26.07.208 – 11.45 – Il Parco del Mare continua ad essere argomento d’infuocate discussioni, dai tempi delle prime proposte di Antonio Paoletti nel 2004, ad oggi, con le nuove polemiche relative all’abolizione dell’altezza massima (10 metri) per la costruzione del Museo. Sono infatti state avanzate perplessità relative al danno d’immagine correlato a un grande edificio del genere accanto a una reliquia storica quale La Lanterna (33 metri). Proprio nella zona, infatti, si erge il grattacielo di Campo Marzio, ritenuto all’unanimità un esempio della disattenzione ai vincoli paesaggistici, verificatosi nel secondo dopoguerra.
Il Movimento 5 Stelle ha deciso di schierarsi contro il progetto del Parco: un “no ponderato“, a giudizio di un progetto definito “obsoleto” e irrispettoso dell’identità storico-artistica di Trieste.
A risultare predominanti, sembrano essere le preoccupazioni di stampo animalista, “in primis il rispetto per gli animali che vengono rinchiusi in vasche più o meno grandi, ma sempre costretti al di fuori del loro ambiente naturale” e ambientalista, “a scopo pedagogico, con il fortissimo problema dell’inquinamento da plastiche nei mari divenuto d’attualità in questo periodo, ci si allontana sicuramente da quello che vuole essere nei confronti dei ragazzi un esempio da seguire per il rispetto dei mari, del pianeta e delle altre specie viventi”.

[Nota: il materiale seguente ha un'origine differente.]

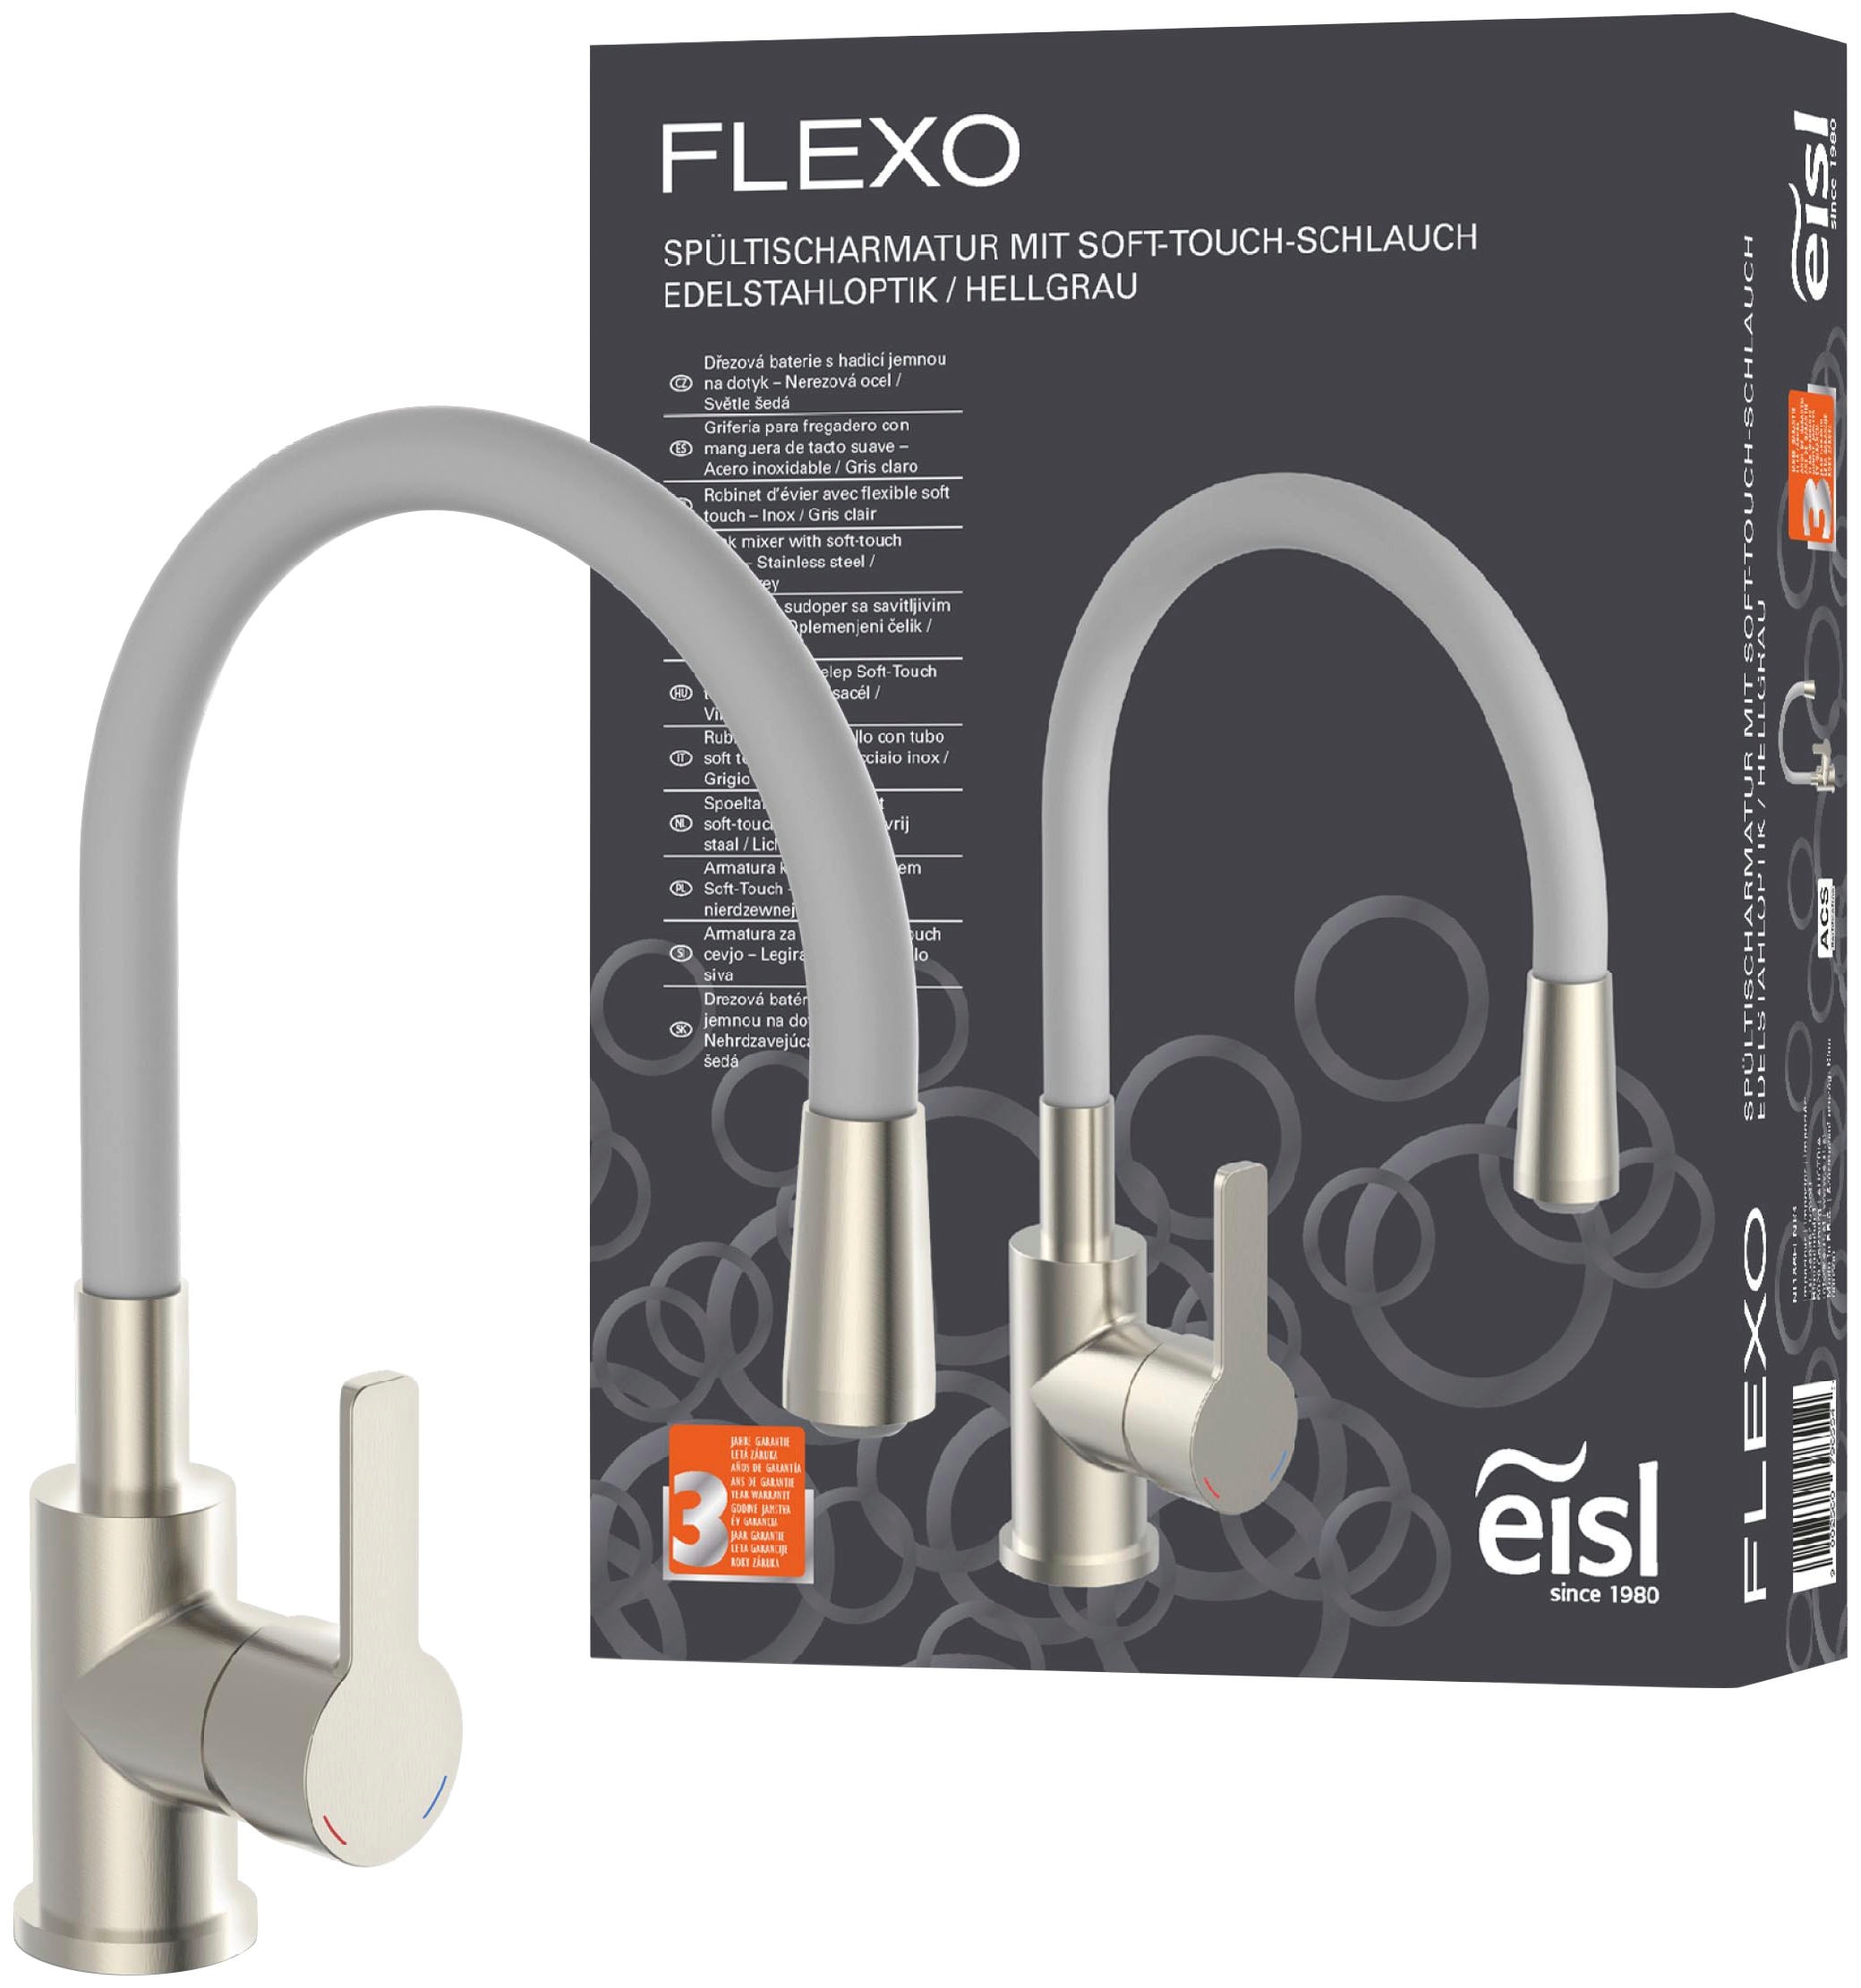 Eisl Spültischarmatur »Flexo«, energiesparender Cold-Start, wassersparender Eco-Click,360° schwenkbar

Il paragone nella mente di tutti è con l’Acquario di Genova: un progetto risalente al 1992 e come tale difficilmente sostenibile oggigiorno; al contrario, il Movimento 5 Stelle propone “in un’ottica futura” l’idea dei “musei interattivi in 3D che fanno emergere le balene nelle palestre o nelle piazze con divertenti e realistici effetti tridimensionali”. Una proposta coerente con il ruolo di Trieste quale città della scienza, con “giochi d’acqua, modellini, filmati e postazioni virtuali interattive”.
Suscita altrettanta preoccupazione “la modifica della Sacchetta, con una struttura impattante che ne cambierebbe totalmente il racconto storico della città con la sua Lanterna”, simbolo, a giudizio dei 5 Stelle, di un continuo “costruire e modificare angoli cittadini senza in realtà programmare una visione d’insieme moderna”.
Un progetto, dunque, antiquato e lontano dalla visione attuale dei musei: “Il cambiamento di tutte le grandi città, da New York ad Oslo, avviene attraverso la modernizzazione e la visione di città diverse, dove i musei sono fruibili a tutti e vengono realizzati da grandi architetti in grado di incuriosire ed attrarre le persone già partendo dalla struttura, che poi va ad interagire con i visitatori rendendoli protagonisti di un’esperienza unica non solo visiva come quella degli Acquari”.